*** Information given Section Begins ***

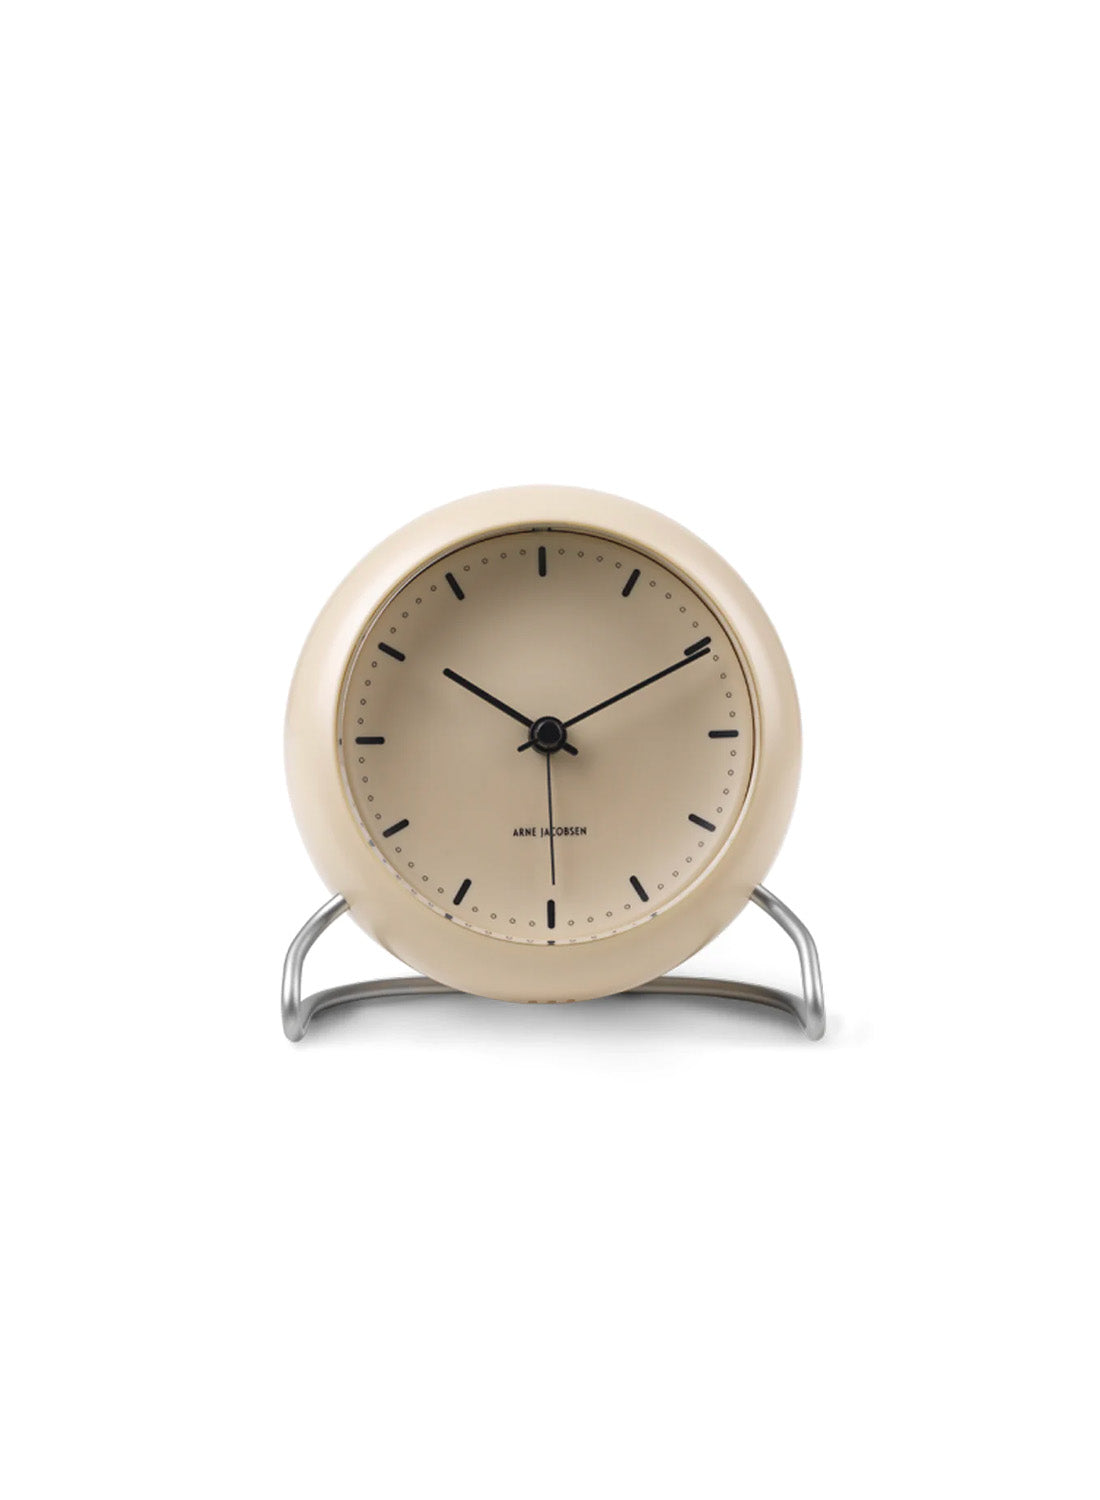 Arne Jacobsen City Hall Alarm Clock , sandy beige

*** Information given Section Ends ***
*** Information given Section Begins ***

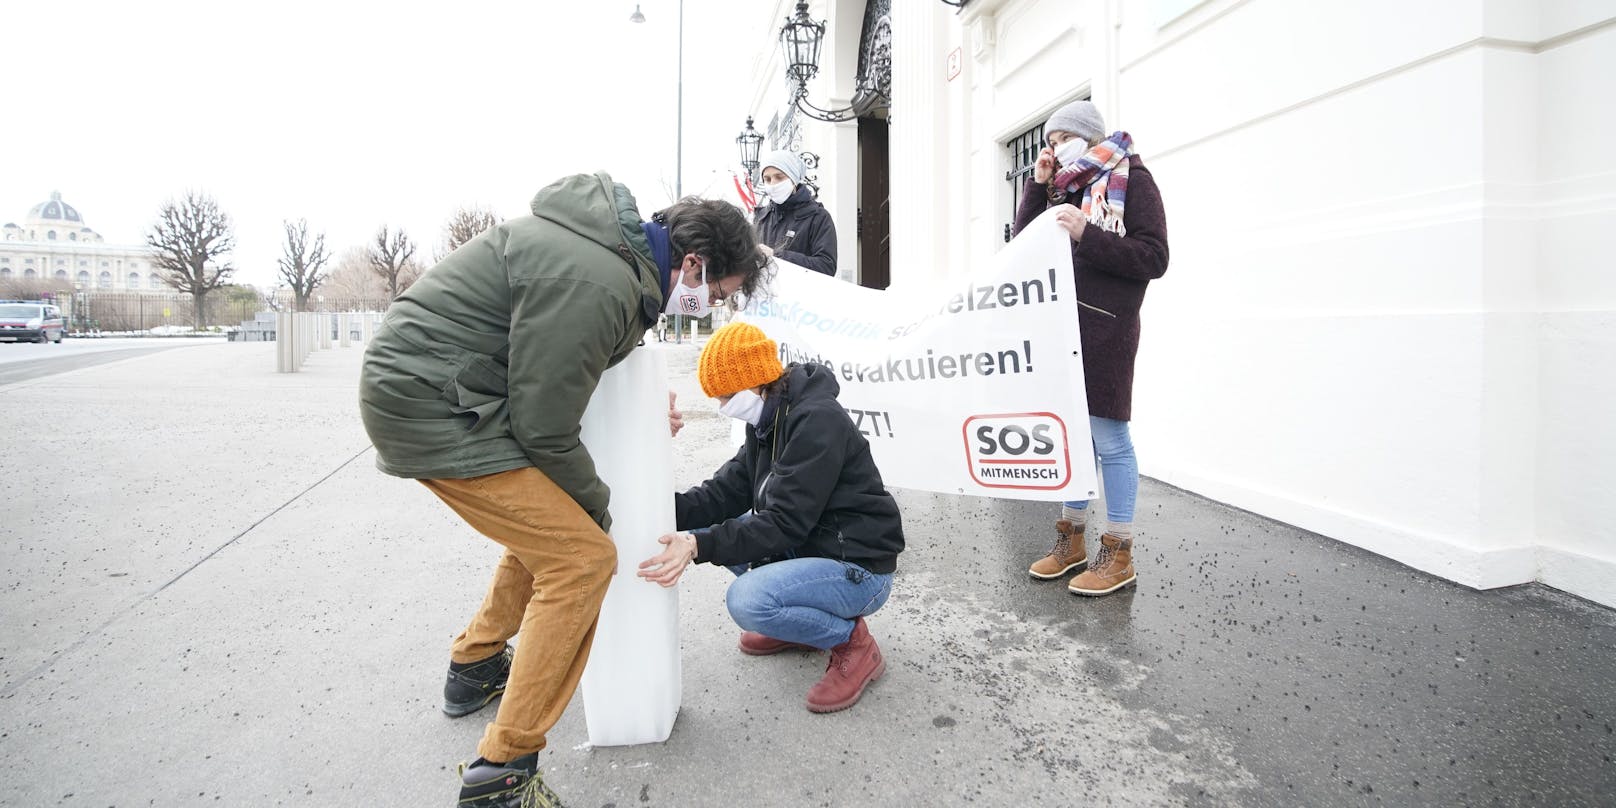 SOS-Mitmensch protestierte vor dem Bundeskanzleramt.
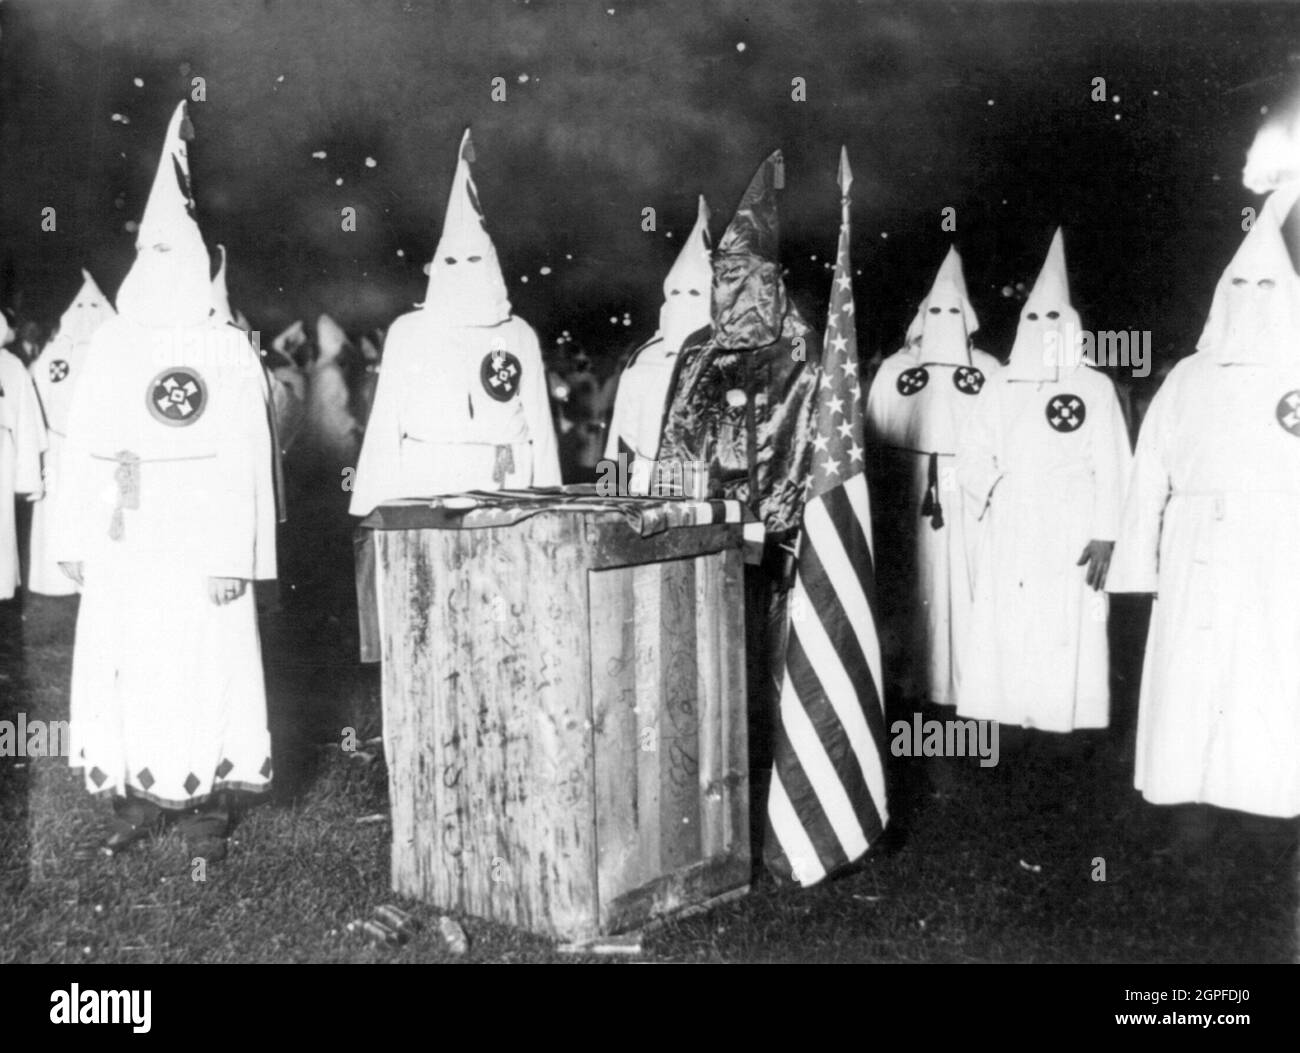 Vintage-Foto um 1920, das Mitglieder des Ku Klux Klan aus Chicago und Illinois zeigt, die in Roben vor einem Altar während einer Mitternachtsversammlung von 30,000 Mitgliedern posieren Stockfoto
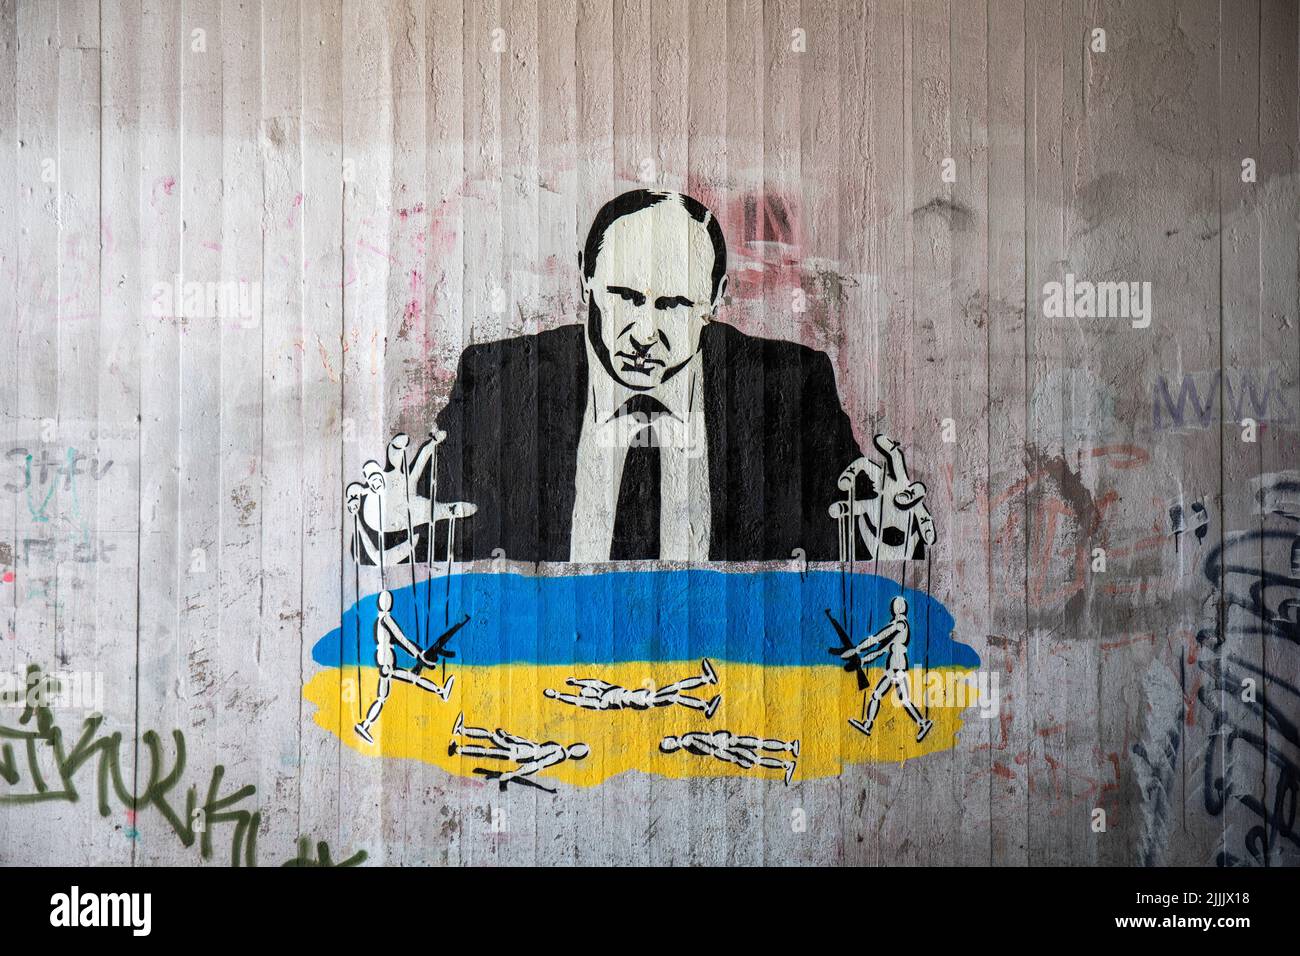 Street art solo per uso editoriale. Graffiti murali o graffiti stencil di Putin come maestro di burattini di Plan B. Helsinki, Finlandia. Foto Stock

*** Information given Section Ends ***

■ **About this task**: Copy the lines above between the one holding "SOS-Mitmensch protestierte vor" and the one holding "Street art solo", inclusive. Drop the pictures.

■ **Response to the task**:
 SOS-Mitmensch protestierte vor dem Bundeskanzleramt.
 Vintage-Foto um 1920, das Mitglieder des Ku Klux Klan aus Chicago und Illinois zeigt, die in Roben vor einem Altar während einer Mitternachtsversammlung von 30,000 Mitgliedern posieren Stockfoto
 Street art solo per uso editoriale. Graffiti murali o graffiti stencil di Putin come maestro di burattini di Plan B. Helsinki, Finlandia. Foto Stock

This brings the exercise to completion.